Write again exactly the lines in the listing below, starting at the line with "Anime Cat Girl" and ending at the line with "Pin by Apeksha", both included. Pictures are not copied.

- **Data to examine**
===============

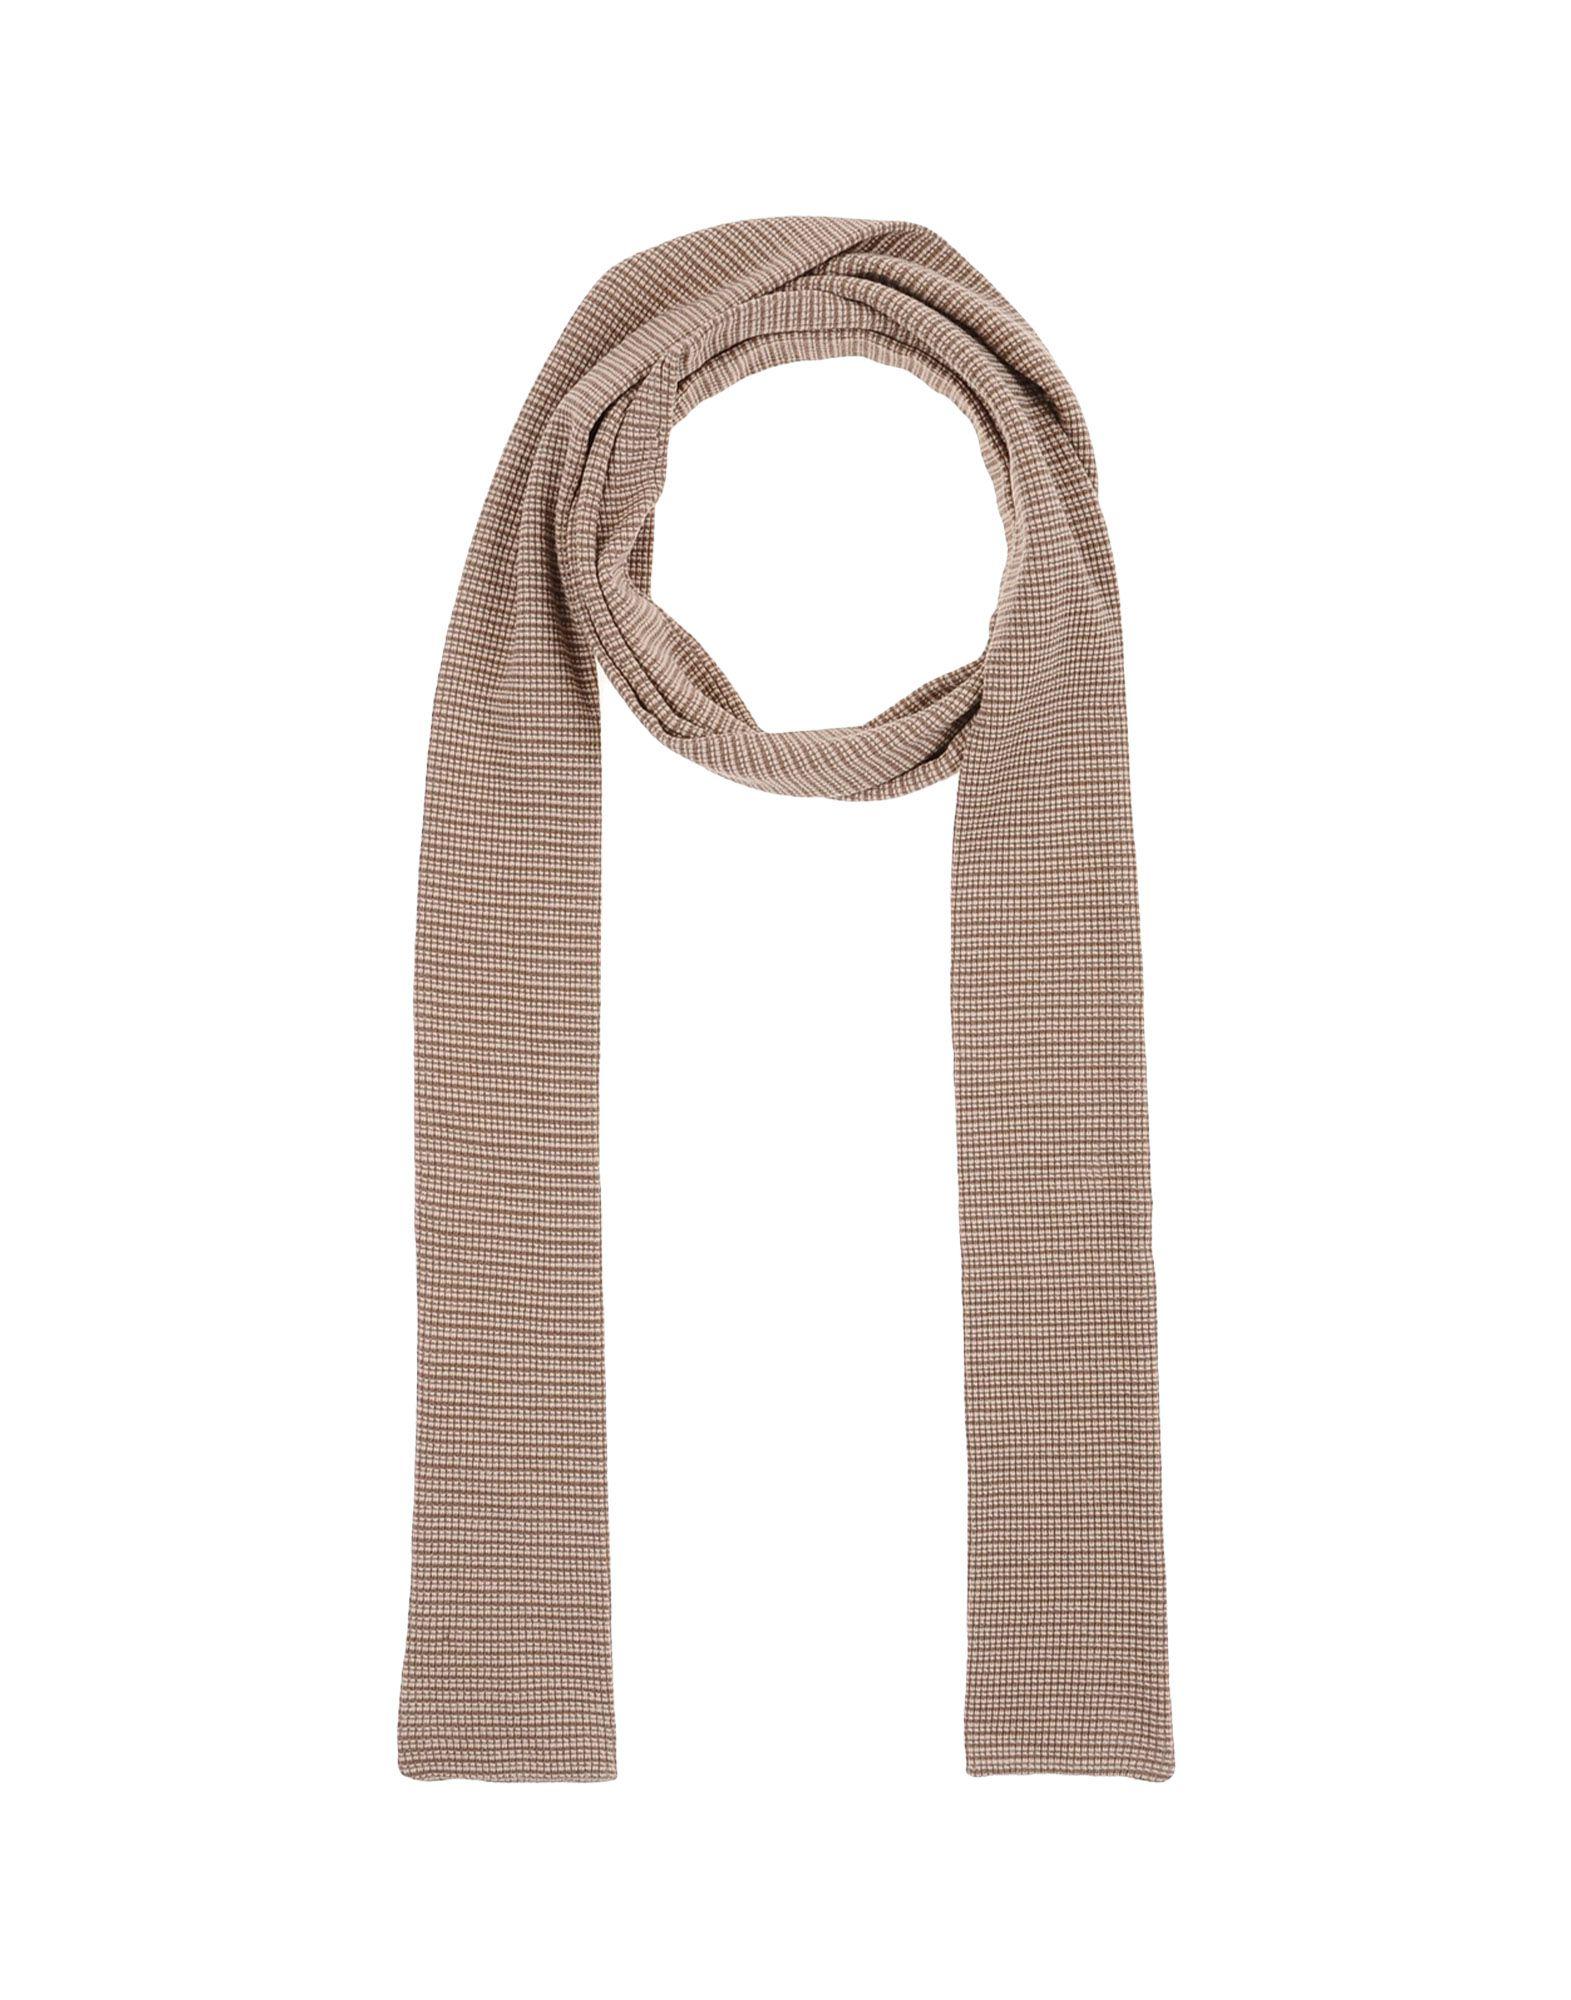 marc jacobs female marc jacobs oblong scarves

===============

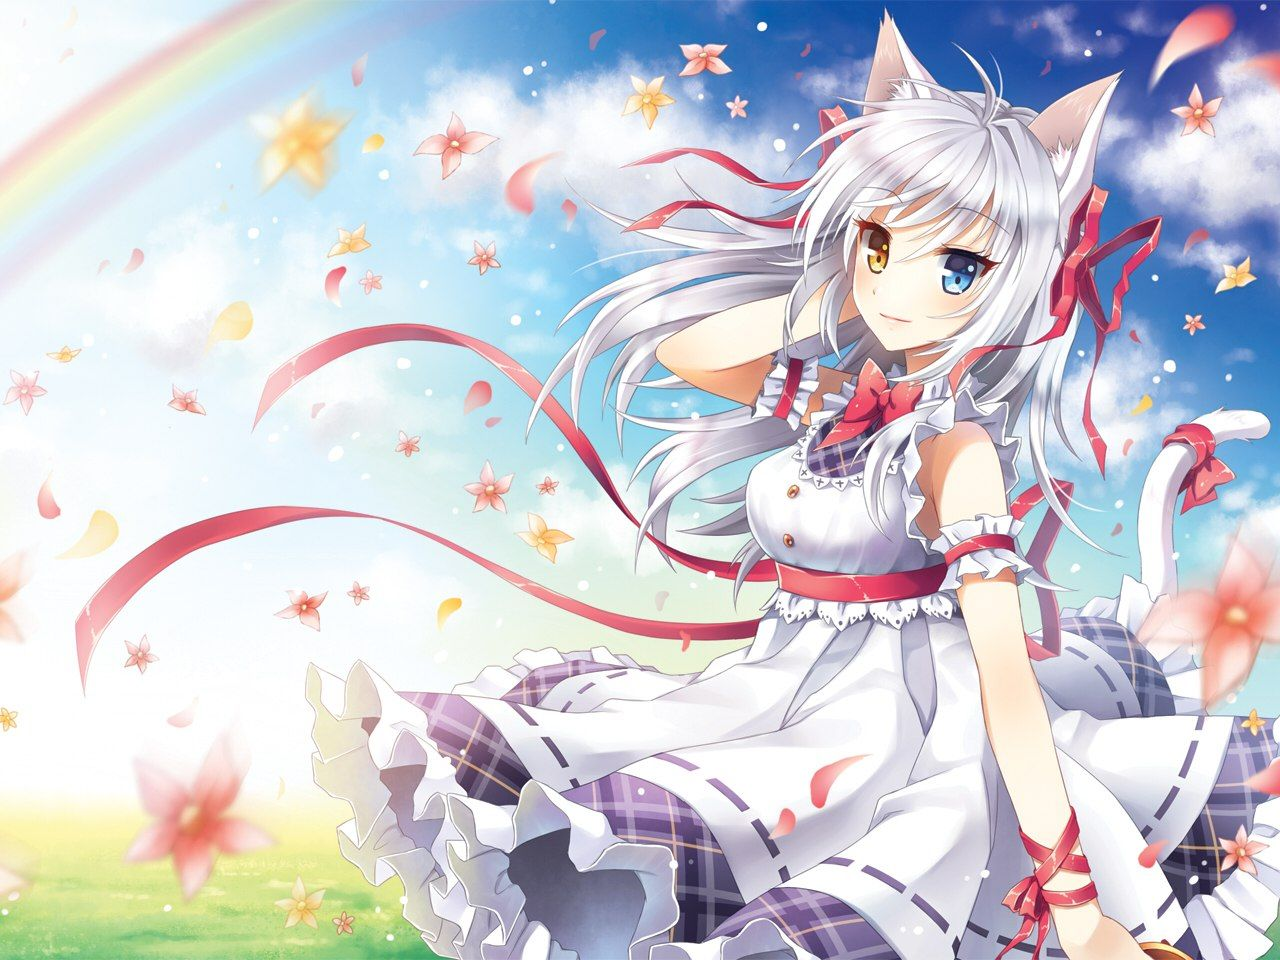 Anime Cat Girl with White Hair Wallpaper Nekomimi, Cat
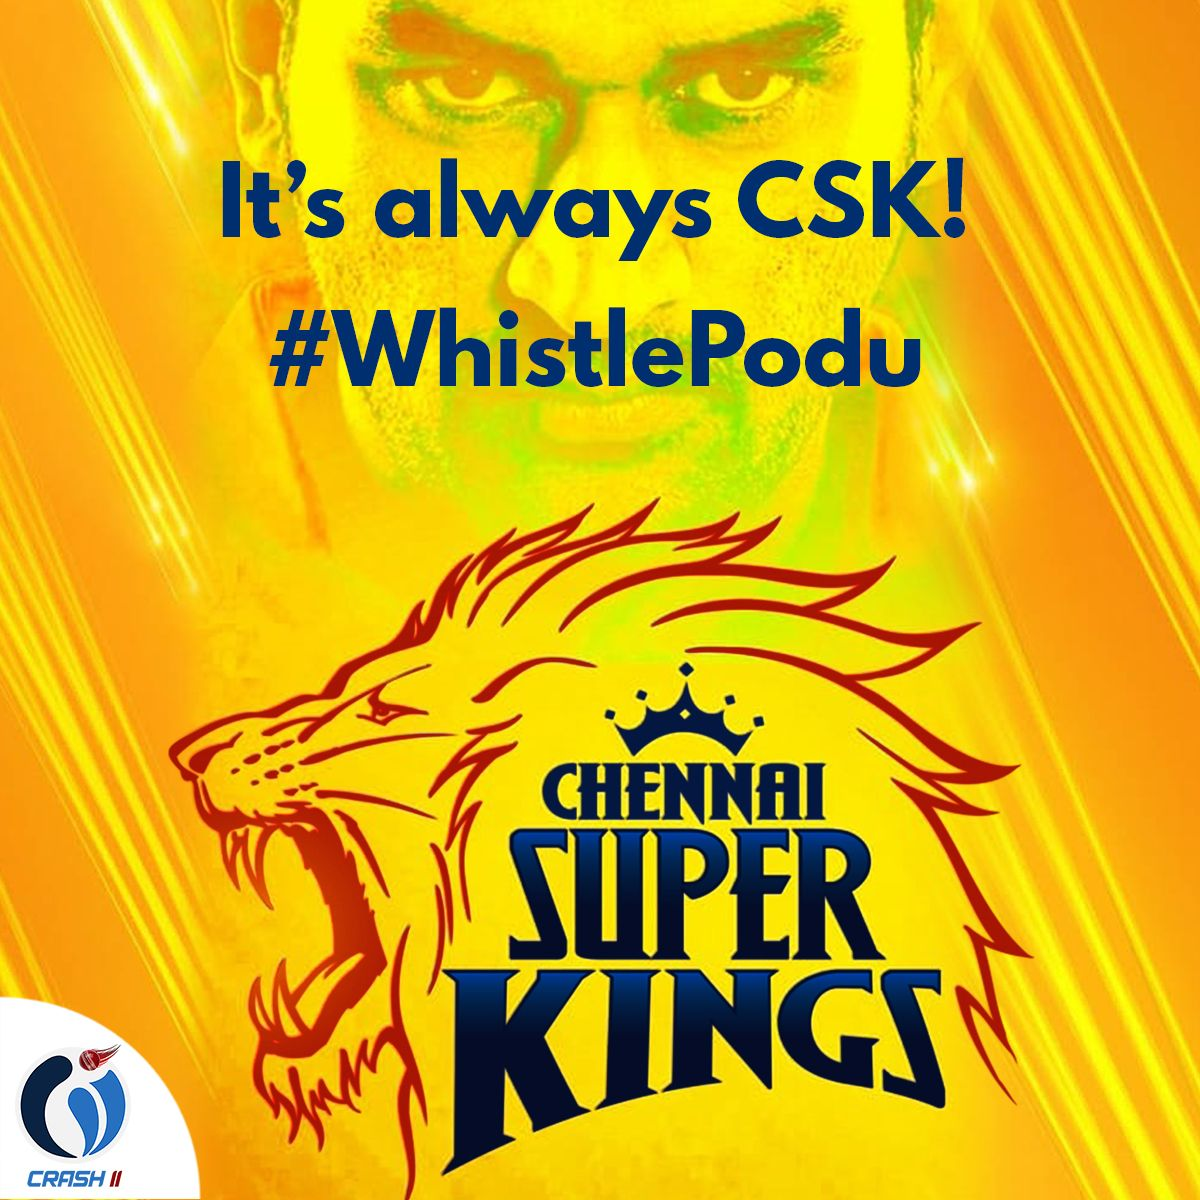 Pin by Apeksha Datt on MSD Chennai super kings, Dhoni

===============

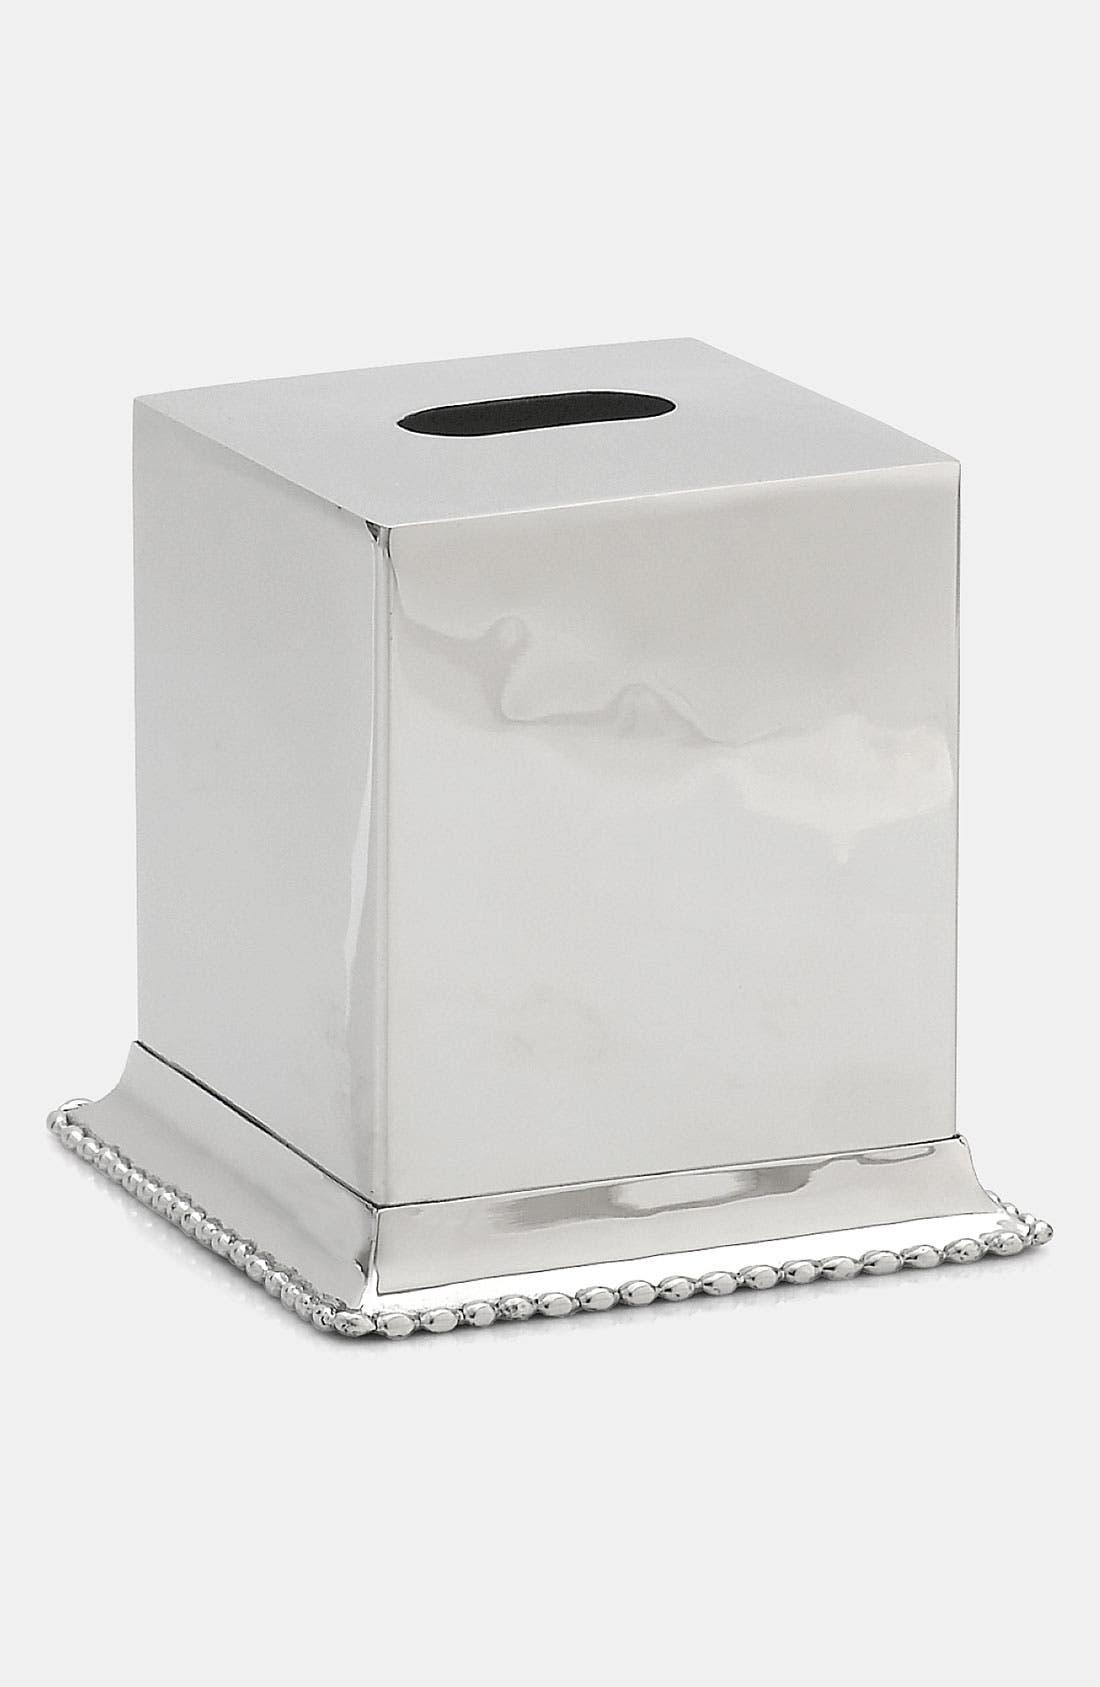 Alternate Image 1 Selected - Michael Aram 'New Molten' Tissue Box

===============

- **Response to this task**
 Anime Cat Girl with White Hair Wallpaper Nekomimi, Cat
 Pin by Apeksha Datt on MSD Chennai super kings, Dhoni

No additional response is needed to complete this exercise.